Quantum kernel methods using linear optics

This notebook follows closely the theory and implementation of Yin et al, “Experimental quantum-enhanced kernels on a photonic processor,” arXiv, 2024. https://arxiv.org/abs/2407.20364 [1].

Kernel methods are a class of algorithm in machine learning used for classification, clustering and regression. These methods exploit feature maps which project a dataset of interest to a higher-dimensional space. For classification tasks, the data is then linearly separable by a hyperplane in the new space.

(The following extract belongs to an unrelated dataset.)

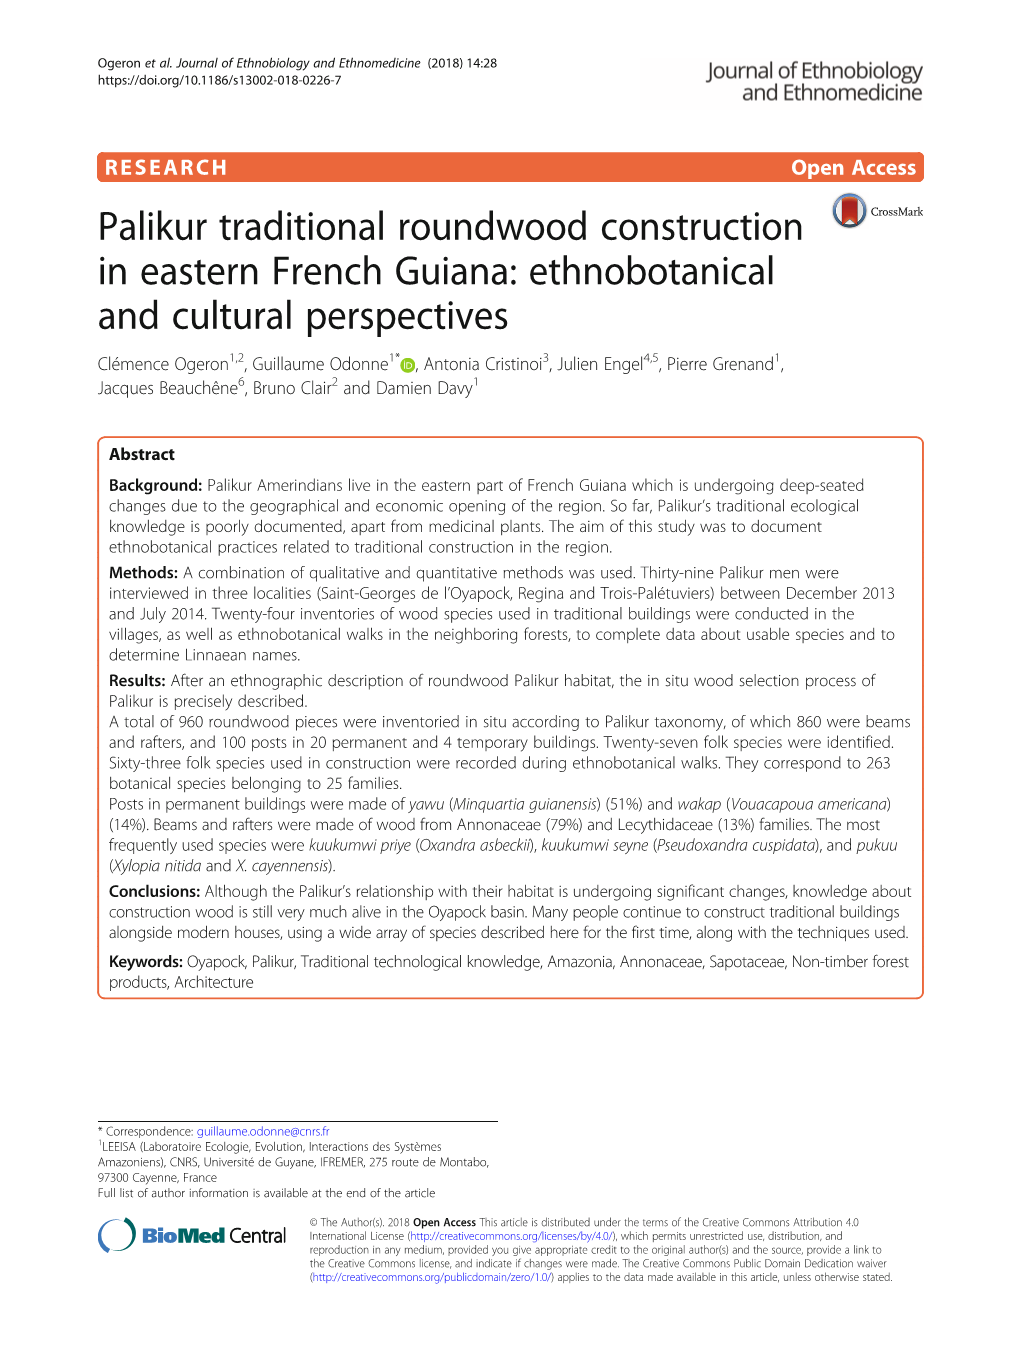 Palikur Traditional Roundwood Construction in Eastern French

Feature map transformation

Behind kernel methods is the kernel trick where the mapping is not explicitly calculated. Instead, the inner product between feature vectors is evaluated for each pair of points.

\[0 \leq \kappa(x_{i}, x_{j}) \leq 1\]

For pairwise datasets, \(x\) and \(x'\), these inner products can be contained in the kernel matrix:

\[K_{i, j} = \kappa(x_{i}, x_{j}') = \kappa(x_{j}', x_{i})\]

In quantum kernel methods, we often consider the fidelity-based quantum kernel, which for an input feature map \(U(x)\), is expressed as follows in the computational basis:

\[\kappa(x_{i}, x_{j}) = |\langle \bm{0} | U^{\dagger}(x_i) U(x_j) | \bm{0} \rangle|^{2}\]

For identical input datasets, the kernel matrix is symmetric, positive-definite with 1s along the diagonal. Generally, we consider two types of kernel matrices. The symmetric training matrix in which the kernel matrix is constructed using two copies of the training set. And the test matrix in which the kernel matrix is constructed using the test set and the training set. For classification tasks, we can utilise a classical support vector machine whose parameters are optimised in order to linearly separate the data of interest.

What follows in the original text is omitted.